BY DR PETER APPS BIOBOUNDARY LABORATORY, BOTSWANA PREDATOR CONSERVATION TRUST Date: Thursday 13 May 2021 Time: 14h00 Venue: Online. A link will be sent to those that RSVP. RSVP by 12h00 on 10 May 2021 to Dr Yvette Naudé @ yvette.naude@up.ac.za Tel: 012 420 2517.

Saved by the Smell: Using Chemical Signals to Protect Predators and Livestock
Saved by the Smell: Using Chemical Signals to Protect Predators and Livestock

Time & Location

13 May 2021, 14:00

Online.

About the event

ABSTRACT

Botswana Predator Conservation’s BioBoundary Project is developing new ways of

mitigating human-predator conflict, by using artificial equivalents of the predators’

chemical signals to keep them away from livestock, or safely inside protected wildlife

areas https://www.bpctrust.org/project/bio-boundary-project/ .

To produce artificial chemical signals, we need to know the composition of the real

ones, and which of the hundreds of compounds that make up mammal odours are

actually sending the messages we need to replicate,

GC-MS analysis very quickly yields long lists of components, but no hint as to which of

them are biologically relevant. Taking a reverse engineering approach and looking for

compounds that fit the specifications for a long-lasting, stable signal can provide some

clues; for example, two sets of lactone stereoisomers in African wild dog urine would fit

the design criteria for a stable, long-lived multi-component chemical signal.
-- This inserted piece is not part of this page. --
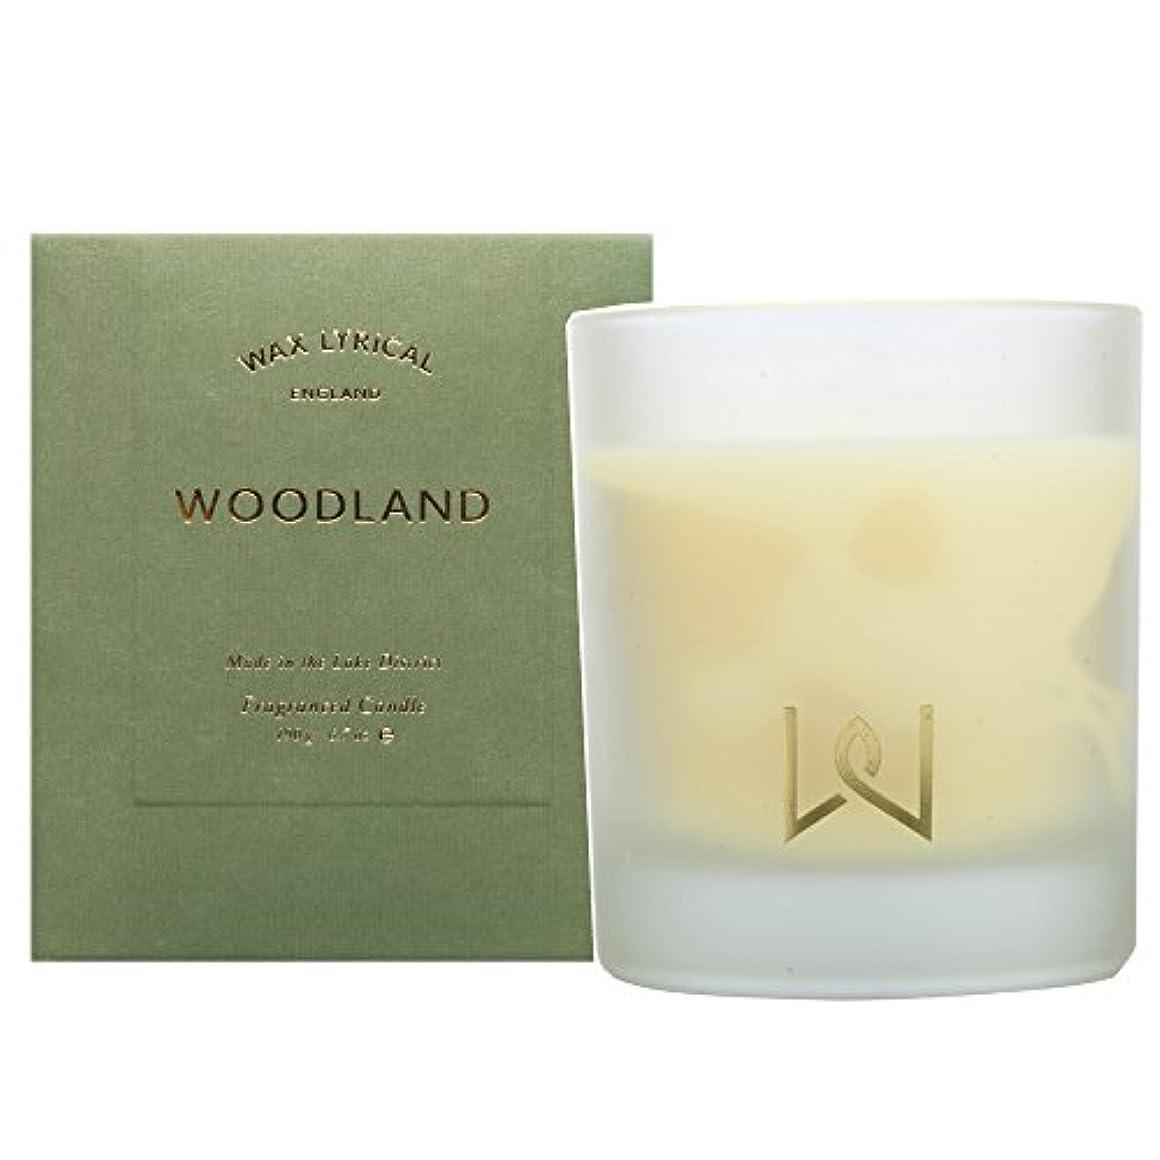 白雪姫デッドロック中庭ワックスリリカル(WAX LYRICAL) グラス入りキャンドル/ウッドランド

Another approach is to compare materials that send chemical signals with those that

do not – but that depends on a detailed understanding of what is a scent mark and

what isn’t. The discovery in 2015 that African wild dogs communicate with their

neighbours by scent marking at specific repeatedly-used sites was a breakthrough in

our understanding of what qualified as a wild dog scent mark. However, it meant that

our previous analyses of faeces and urine collected without reference to locality – and

so, as far as we can tell with hindsight, mostly not from marking sites and not containing

messenger compounds, all need to be done again with samples collected specifically

form marking sites.

The third approach is to test scent components individually or in simple mixtures to see

what the animals respond to. That needs animals and the chemical signals to defy the

orthodox view that mammal chemical signals are all complex mixtures, and that is

exactly what we see; using a combination of controlled release odour dispensers and

camera trapping we record single components and simple mixtures eliciting the intense

sniffing and scent marking which would be expected in response to natural scent

marks. Some of them also repel predators, including leopards, spotted hyaenas, blackbacked

jackals and caracals, which are the four most serious livestock killers. These

repellent effects will allow us to mitigate human-predator conflict by keeping predators

away from livestock with chemical “no trespassing” signs.